Необеспеченность (связанная с угрозой, о которой я говорил) явно утрачивает свою непреложность в той мере, в какой человек восстанавливает в живой истине отношение, которым он связан с изначальным Светом.
Но если мы поставим это соображение в центр нашей жизни, то не рискуем ли мы снова вернуться более или менее прямым путем к спинозизму, пускай терминологически видоизмененному, отделываясь тем самым от трагического аспекта, о необходимости подчеркивать который в современном контексте я непрестанно говорил?

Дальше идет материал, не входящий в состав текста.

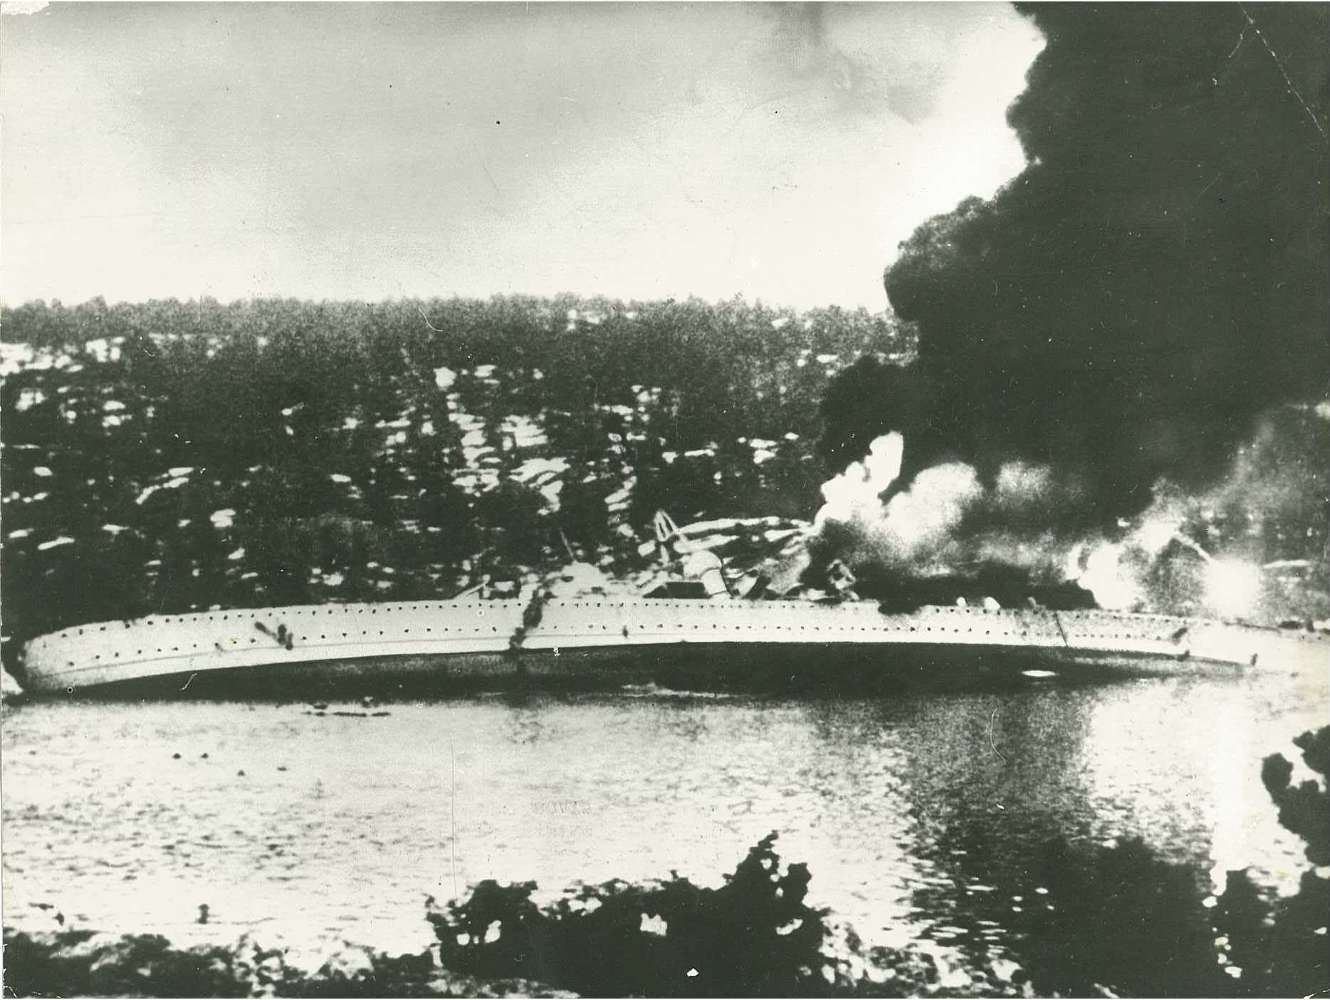 Svart-hvit foto av senkingen avBlücher. Den tyske krysseren Blücher ble 9. april 1940 senket i Drøbaksundet i Oslofjorden. Foto: NTBs krigsarkiv, Riksarkivet

Тут я подступаю как раз к тому, что, по-моему, всего важнее, но что способно вызвать и самое резкое противодействие: дело в том, что это — один из пунктов, где я всего решительнее отхожу от хайдеггеровской мысли в том виде, в каком она обычно истолковывается. Мы возвращаемся здесь к критике, которой я счел необходимым подвергнуть понятие Sein zum Tode из-за крайнего умаления в нем кардинальной проблемы смерти другого человека, смерти любимого существа, — умаления, которое, на мой взгляд, серьезно сказывается на всем творчестве Хайдеггера и в конечном счете замыкает его в плену экзистенциального солипсизма (обрамленного в свою очередь чисто лирической онтокосмологией). В самом деле, куда девается здесь agapē [289]и все относящееся к ней? Мы не разрешим эту трудность, даже если введем, как это делает Бинсвангер [290], дополнительную категорию любви. Дело ведь не в категориях, а в самой судьбе того тварного существа, каким является каждый из нас, и все категории, какими бы они ни были, просто служат ему и находятся в его распоряжении. Цель нашего разыскания — узнать, как то, что я назвал изначальным Светом, который никак нельзя понимать наподобие аристотелевского безличного нуса , относится к нашему трагическому миру, где каждый причастен бытию-против-смерти, не только в силу некоего Drang’a [291], инстинкта самосохранения, но и — в более глубоком и интимном смысле — против смерти того, кого он любит, и кто для него значит бесконечно больше, чем он сам, настолько, что он существует — не по своей природе, а по своему призванию [292]— децентрированным или полицентрированным существованием.